Explainable Information Design

Optimal signaling schemes in information design (Bayesian persuasion) often involve randomization or disconnected partitions of state space, which might be too intricate to be audited or communicated. We propose explainable information design in the context of linear information design with a continuous state space. In the case of single-dimensional state, we restrict the information designer to use $K$-partitional signaling schemes defined by deterministic and monotone partitions of the state space, where a unique signal is sent for all states in each part. We prove that the price of explainability (PoE) -- the ratio between the performances of the optimal explainable signaling scheme and unrestricted signaling scheme -- is exactly $1/2$ in the worst case, meaning that partitional signaling schemes are never worse than arbitrary signaling schemes by a factor of $2$. For a uniform prior, this PoE can be improved to a tight $2/3$. We then extend the analysis to multi-dimensional state spaces by studying two natural explainability notions: convex-partitional policies and axis-aligned rectangular policies.
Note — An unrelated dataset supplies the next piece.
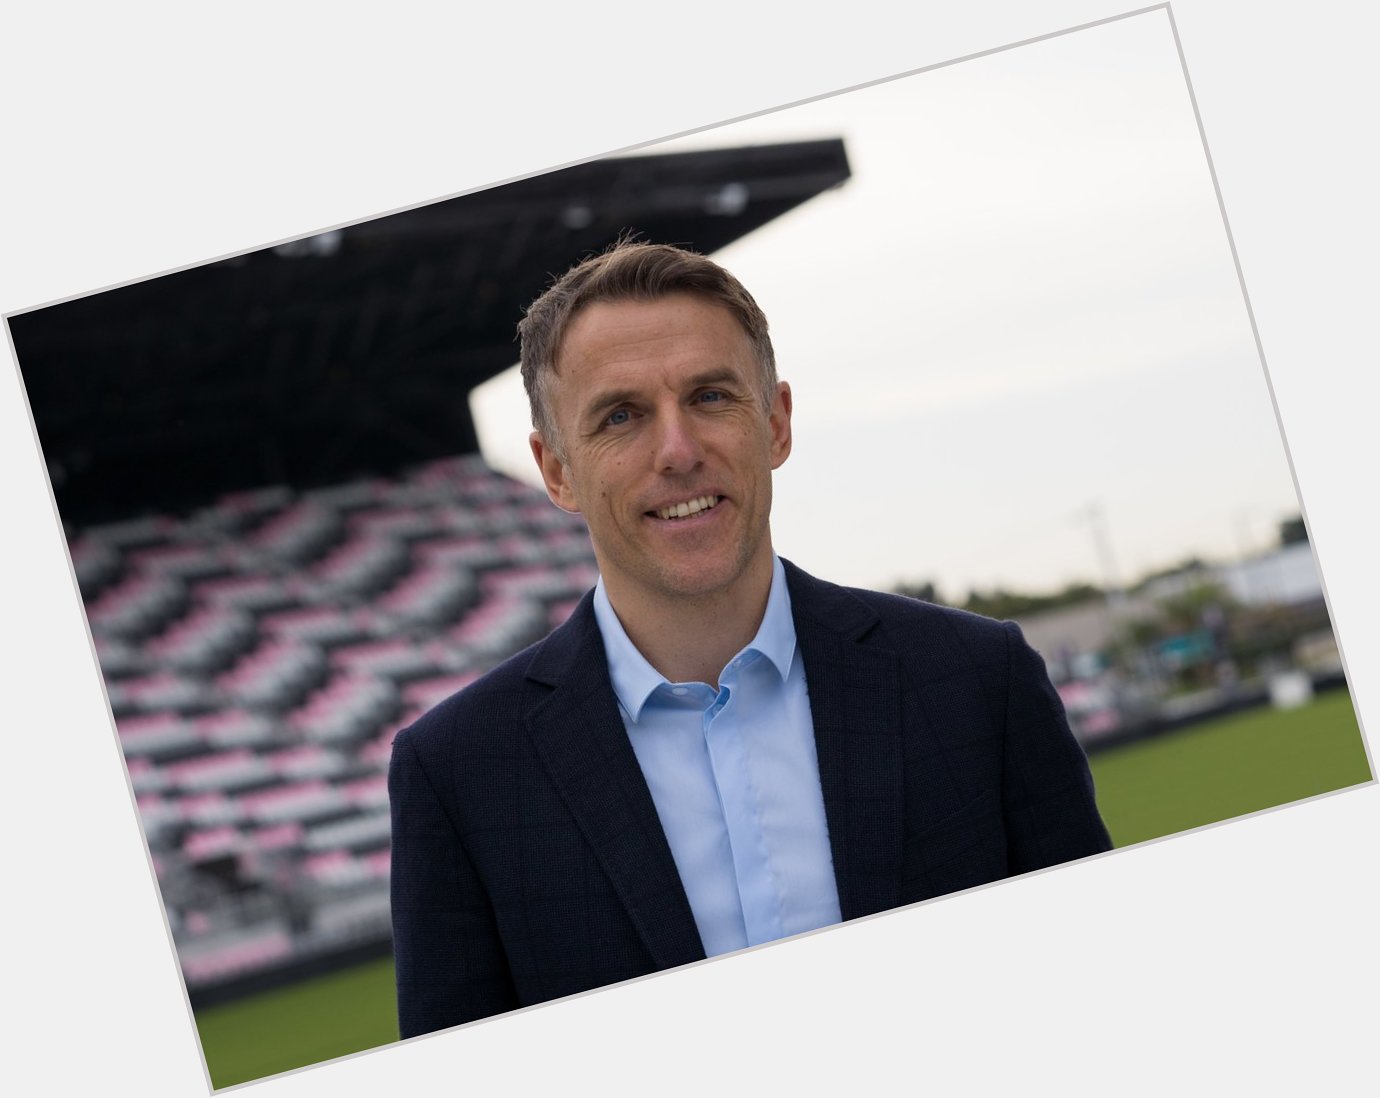 Join us in wishing a very happy birthday to head coach, Phil Neville!  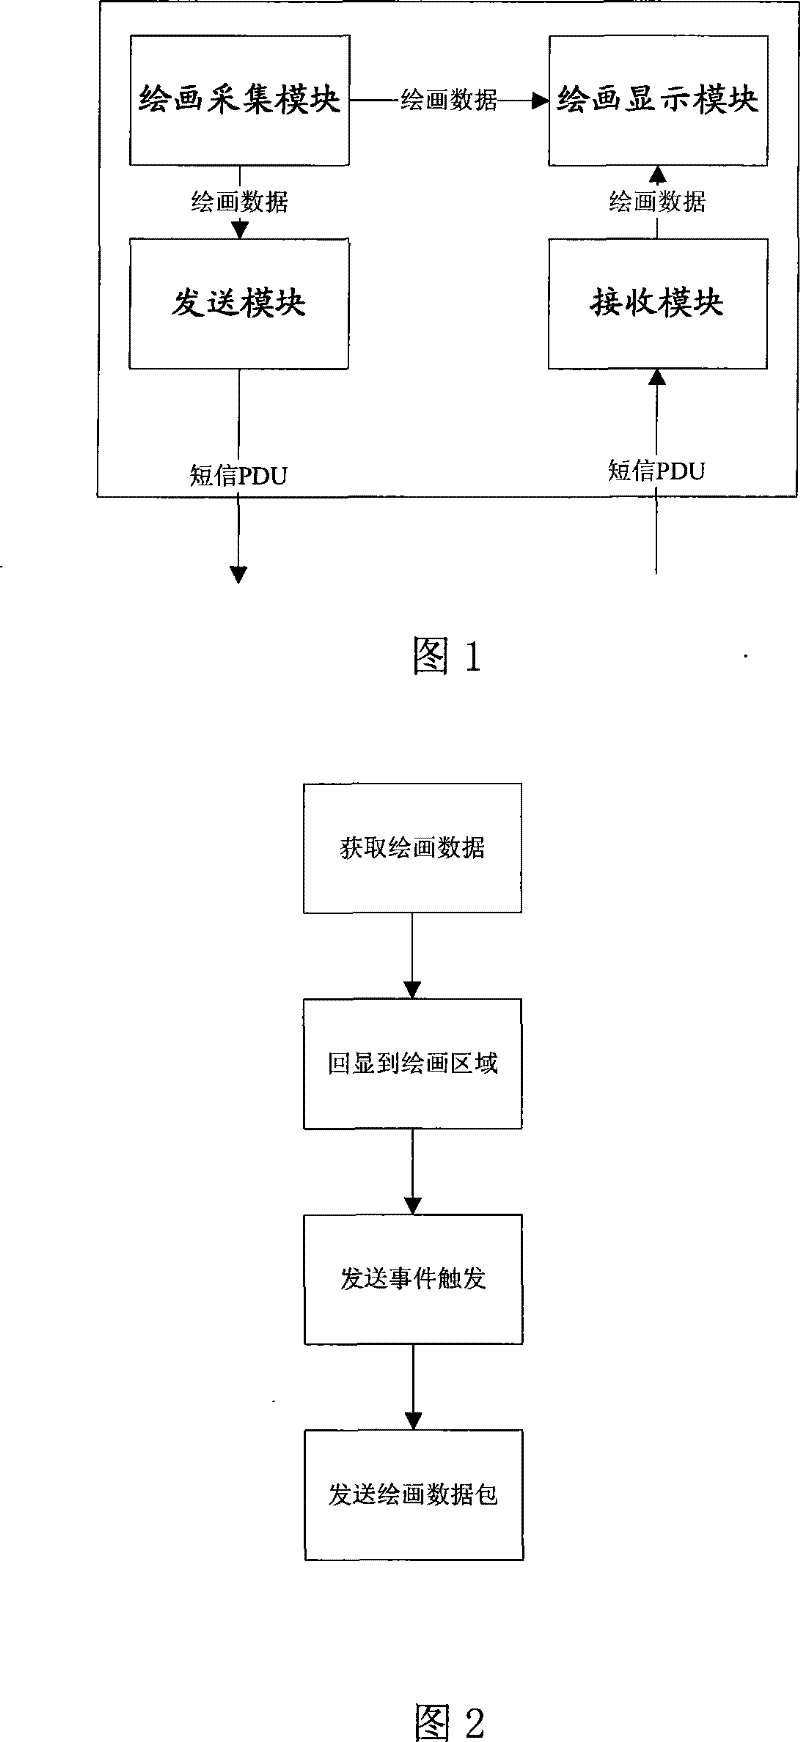 Mobile terminal and its communication method

For convex-partitional policies, we prove a tight PoE of $1/(m+1)$, while for rectangular policies we establish a PoE guarantee under uniform prior that is independent of $K$ but unavoidably exponential in $m$. On the computational side, we prove that the exact optimization of explainable policy is NP-hard in general, but provide efficient approximation methods, including an FPTAS for Lipschitz utility functions and a polynomial-time algorithm that achieves the worst-case $1/2$ benchmark for the broad class of discontinuous, piecewise Lipschitz, utility functions.